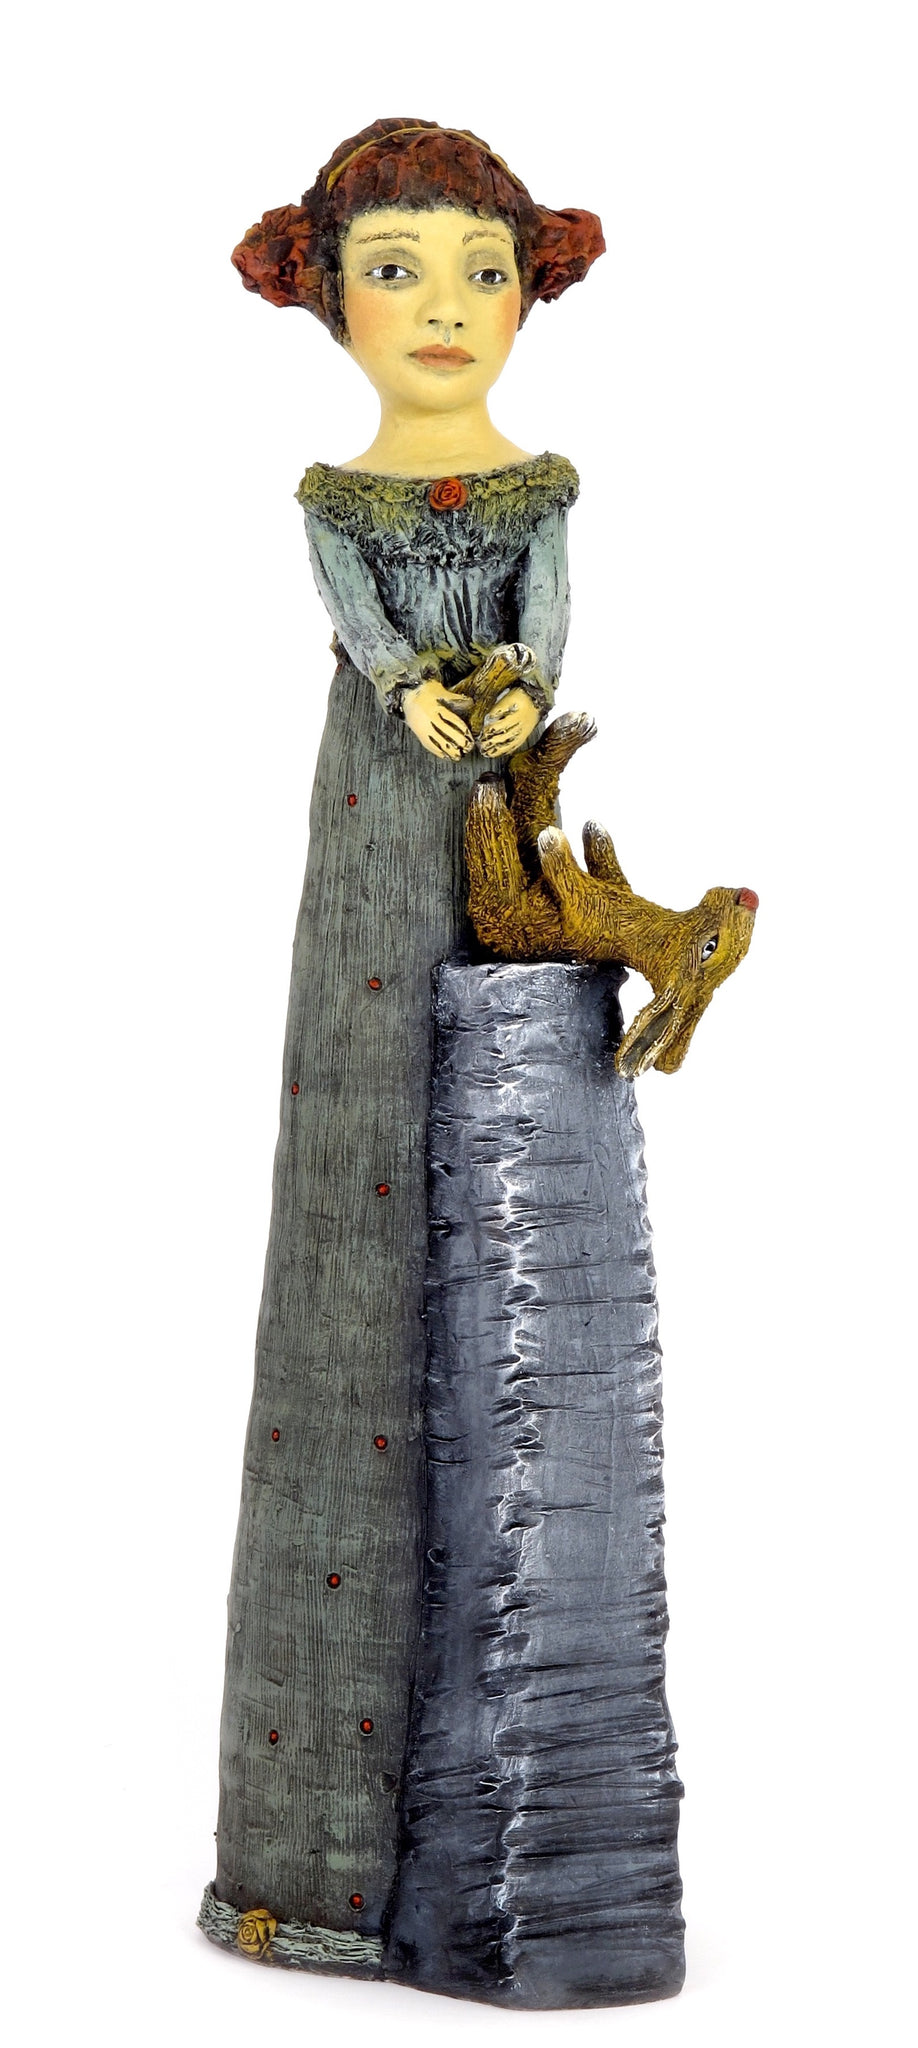 SOLD   "Returning Lucky's foot" original ceramic sculpture by Jacquline Hurlbert
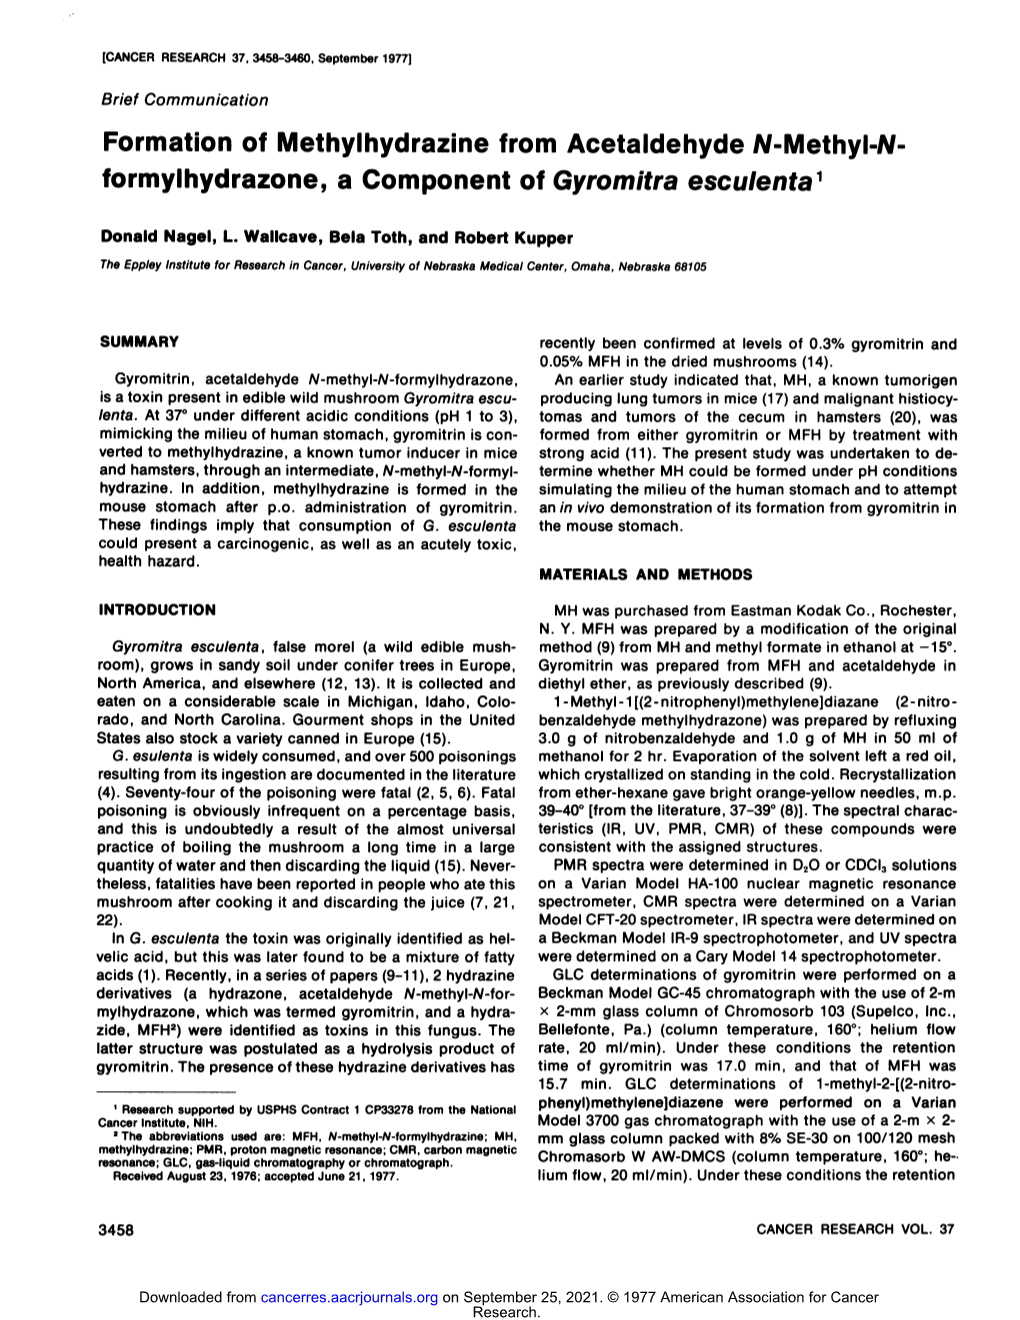 Formation of Methylhydrazine from Acetaldehyde /V-Methyl-A/- Formylhydrazone, a Component of Gyromitra Esculenta ^
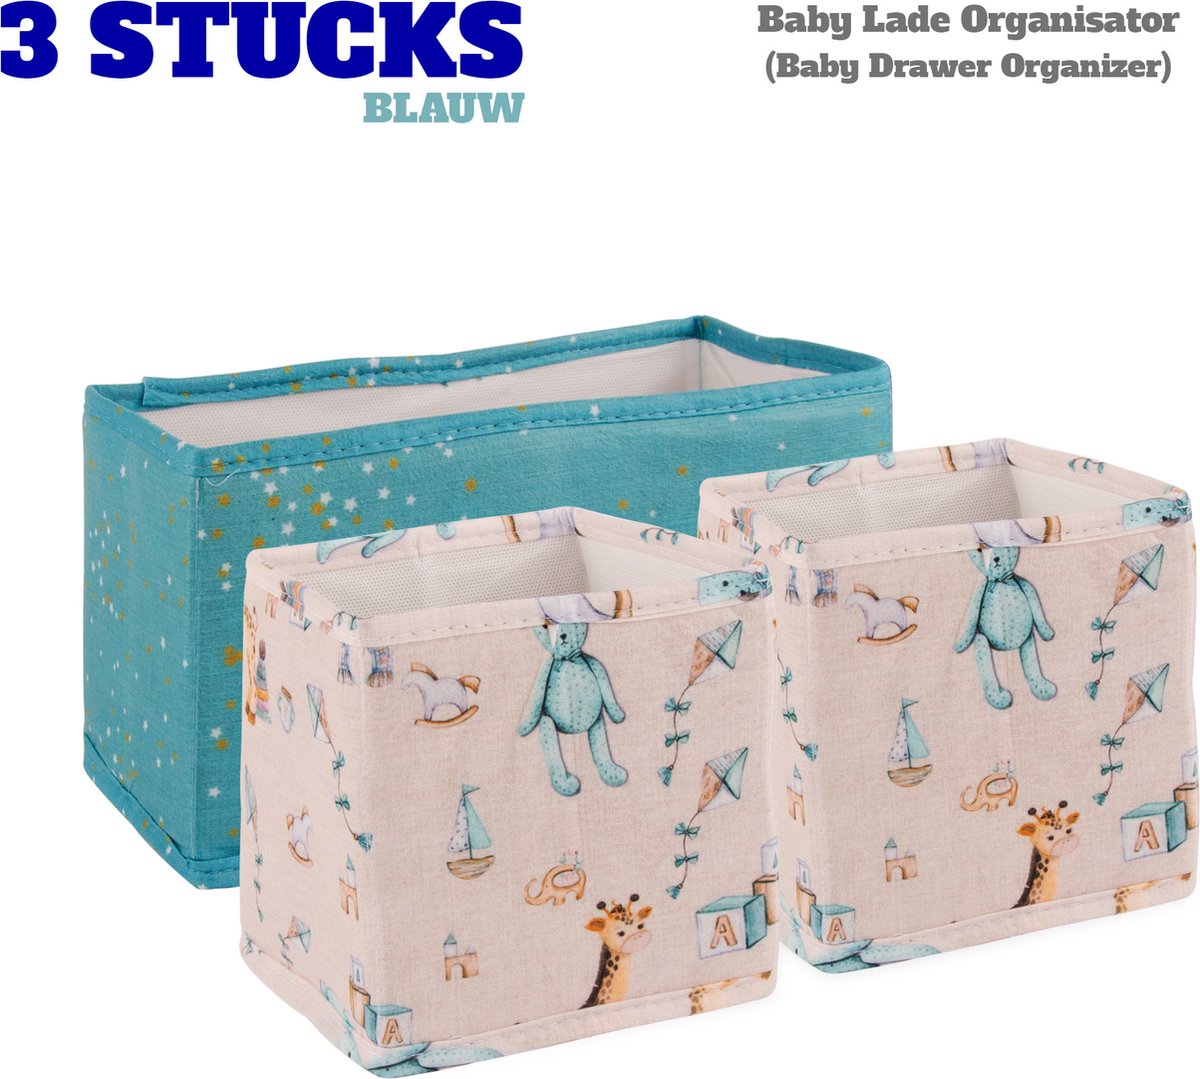 Lade Organizer - Set van 3 stuks Opbergboxen - Babykamer Organizer accessoires - Kinderkamer decoratie - speelgoeddoos Blauwe kleur

» Task: Everything in the listing above must be retyped exactly, except for the pictures.

» Exercise output:
 SOLD   "Returning Lucky's foot" original ceramic sculpture by Jacquline Hurlbert
 Formation of Methylhydrazine from Acetaldehyde /V-Methyl-A/- Formylhydrazone, a Component of Gyromitra Esculenta ^
 Lade Organizer - Set van 3 stuks Opbergboxen - Babykamer Organizer accessoires - Kinderkamer decoratie - speelgoeddoos Blauwe kleur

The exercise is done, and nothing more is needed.